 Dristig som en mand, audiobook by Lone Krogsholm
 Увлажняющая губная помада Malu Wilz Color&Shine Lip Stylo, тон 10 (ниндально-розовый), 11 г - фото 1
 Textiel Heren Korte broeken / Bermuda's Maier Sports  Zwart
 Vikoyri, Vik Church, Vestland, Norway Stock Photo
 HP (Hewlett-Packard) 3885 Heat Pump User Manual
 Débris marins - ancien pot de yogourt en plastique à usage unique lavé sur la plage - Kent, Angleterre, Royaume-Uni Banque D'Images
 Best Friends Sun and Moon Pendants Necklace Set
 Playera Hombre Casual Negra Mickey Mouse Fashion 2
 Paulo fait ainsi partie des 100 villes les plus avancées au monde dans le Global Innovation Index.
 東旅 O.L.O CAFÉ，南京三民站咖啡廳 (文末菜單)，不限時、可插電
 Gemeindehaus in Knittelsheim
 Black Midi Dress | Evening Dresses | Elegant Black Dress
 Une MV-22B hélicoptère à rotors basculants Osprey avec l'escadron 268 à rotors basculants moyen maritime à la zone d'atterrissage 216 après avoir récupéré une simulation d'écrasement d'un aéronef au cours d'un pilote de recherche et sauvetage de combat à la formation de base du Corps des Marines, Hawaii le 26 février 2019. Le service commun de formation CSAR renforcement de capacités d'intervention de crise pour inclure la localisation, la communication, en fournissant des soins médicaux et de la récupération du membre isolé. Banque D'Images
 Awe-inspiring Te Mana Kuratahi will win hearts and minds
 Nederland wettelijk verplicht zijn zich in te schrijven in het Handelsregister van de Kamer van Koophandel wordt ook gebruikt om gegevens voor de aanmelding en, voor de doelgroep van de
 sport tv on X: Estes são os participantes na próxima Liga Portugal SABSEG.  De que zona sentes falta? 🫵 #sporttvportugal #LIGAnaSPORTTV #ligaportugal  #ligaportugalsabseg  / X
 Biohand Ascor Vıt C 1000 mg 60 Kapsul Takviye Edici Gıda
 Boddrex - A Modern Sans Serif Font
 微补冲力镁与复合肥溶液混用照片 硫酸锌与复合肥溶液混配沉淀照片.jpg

**Work required:**
Search the records for the word "Images". Copy each line where it appears.

**Answer area:**
 Débris marins - ancien pot de yogourt en plastique à usage unique lavé sur la plage - Kent, Angleterre, Royaume-Uni Banque D'Images
 Une MV-22B hélicoptère à rotors basculants Osprey avec l'escadron 268 à rotors basculants moyen maritime à la zone d'atterrissage 216 après avoir récupéré une simulation d'écrasement d'un aéronef au cours d'un pilote de recherche et sauvetage de combat à la formation de base du Corps des Marines, Hawaii le 26 février 2019. Le service commun de formation CSAR renforcement de capacités d'intervention de crise pour inclure la localisation, la communication, en fournissant des soins médicaux et de la récupération du membre isolé. Banque D'Images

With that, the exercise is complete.